Polygon offsetting is certainly possible to do yourself. It is not nearly as involved as Bezier or B-spline offsetting is. First you want to decide how to deal with:
Areas with no info, in essence how to deal with the joins. Do you just extend the line to the common intersection (miter join) or do you just connect the endpoints (bevel). You could also use round, parabolic or other join styles if you wish. Options here are unlimited.
For the purposes of this discussion I will assume you will want a miter or bevel join.
How do you want to deal with sidedness.

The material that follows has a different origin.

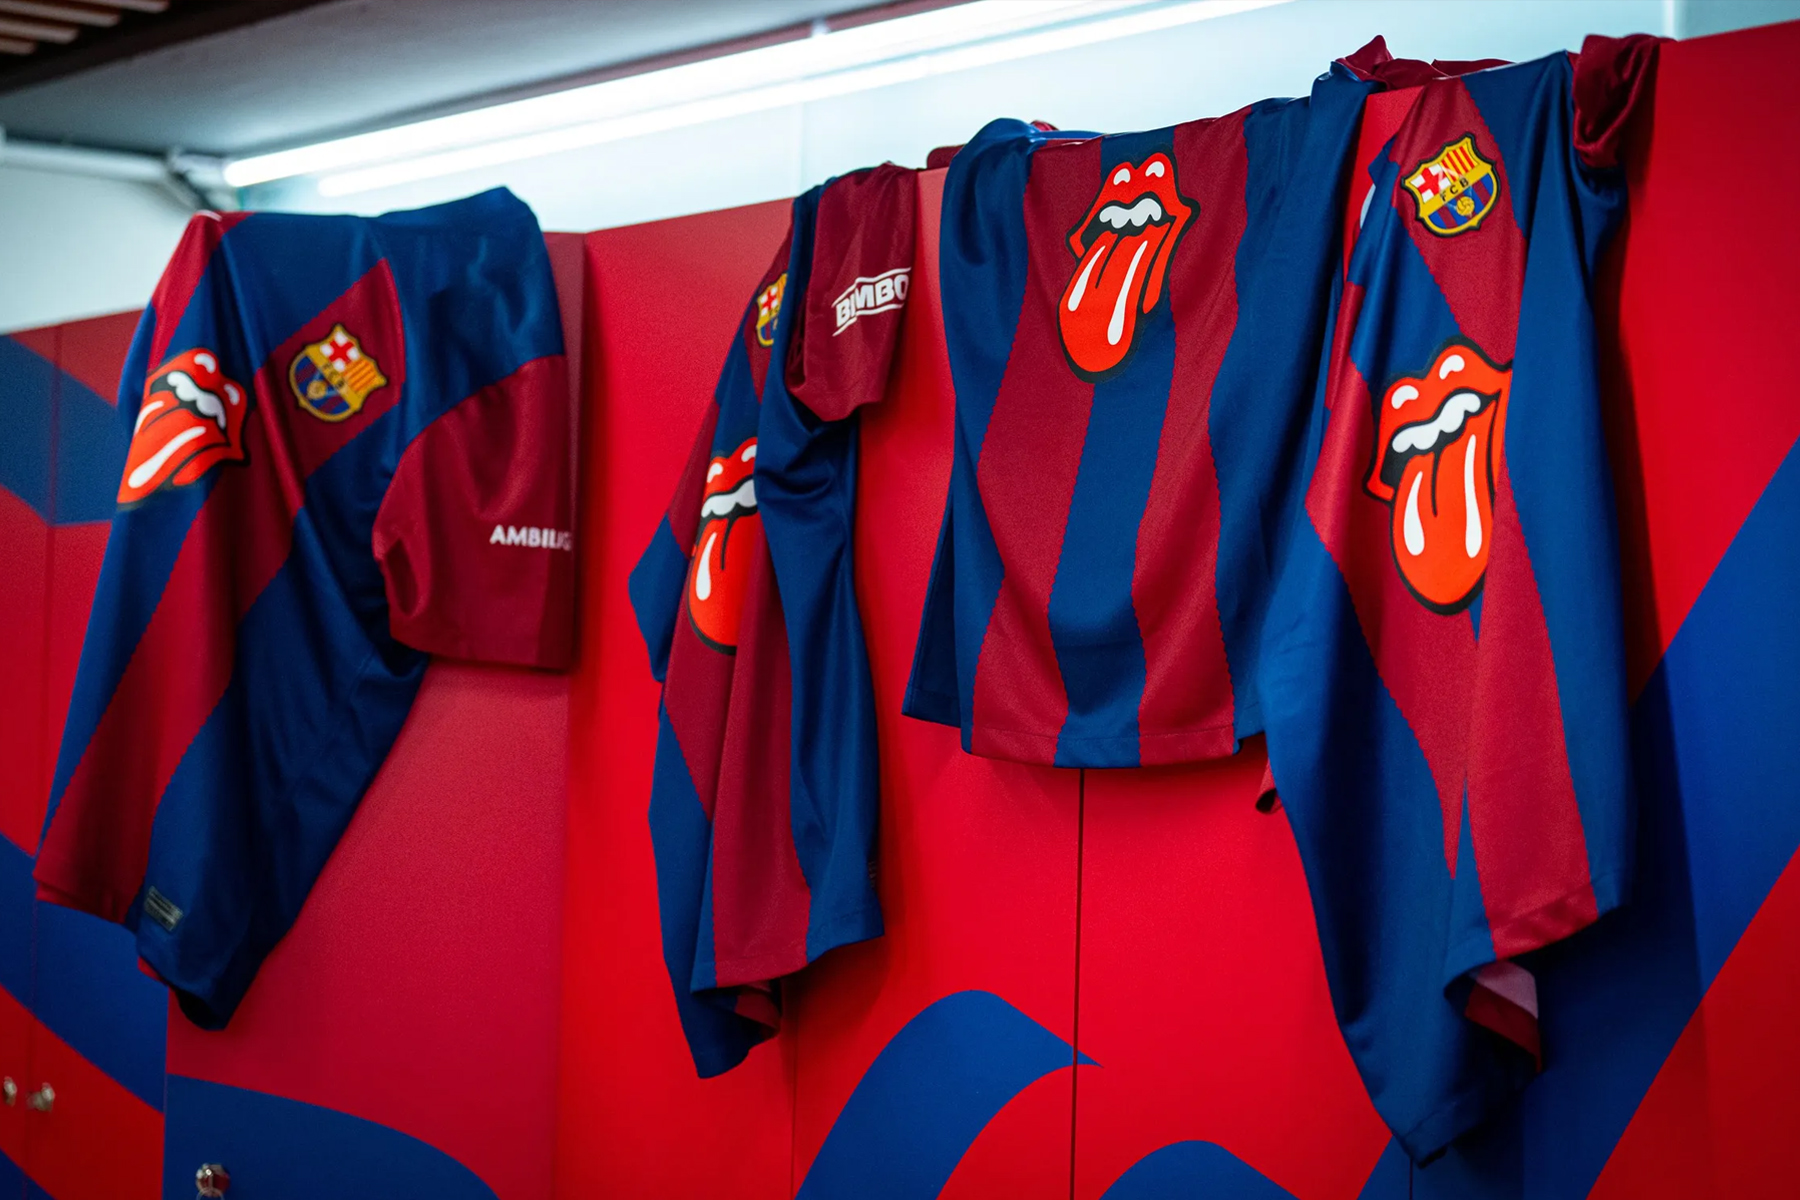 Barcellona Rolling Stones Clasico maglia FC Barcelona

Is an open curve's offset closed or just on the other side. Other than that the convention is usually in 2D that outside is on the clockwise side of the path
So lets look at what happens when 2 straight lines join and they are offset.
Image 1: Situation in 2D.
For a beveled corner join vector, from any point to its offset is magnitude of $a$. Take the direction of the segment rotated counterclockwise 90 degrees then multiply that with the length of offset. Or in the case of the picture in mathematical notation
$$
A' = A + a\bigg(\big|B-A\big| \begin{bmatrix}
0 & 1\\
-1 & 0
\end{bmatrix}\bigg)
$$
Where $a$ is the amount of offset. This assumes lines go from $A$ to $B$ to $C$. Connecting segments must be processed on both sides separately. The same formula can be used for all the points. Then just connect $B'^1$ to $B'^2$ with a line. In case you are matrix illiterate, the matrix says swap x and y coordinate and invert the x value.
For a miter join the following applies:
Image 2: Situation of miter.
$$
B^{B-B'^{1}} = a\bigg(\big|B-A\big| \begin{bmatrix}
0 & 1\\
-1 & 0
\end{bmatrix}\bigg)
$$
$$
B' = B+\dfrac{ B^{B-B'^{1}}}{B^{B-B'^{1}} \cdot (|B-A|-|C-B|)}
$$
The above can be heavily simplified but I'll leave that to the reader.
Now the reason to use a library is that when the curves start to self intersect it gets a bit tedious to manage this. So just find a library that does this for you and you'll save a lot of time.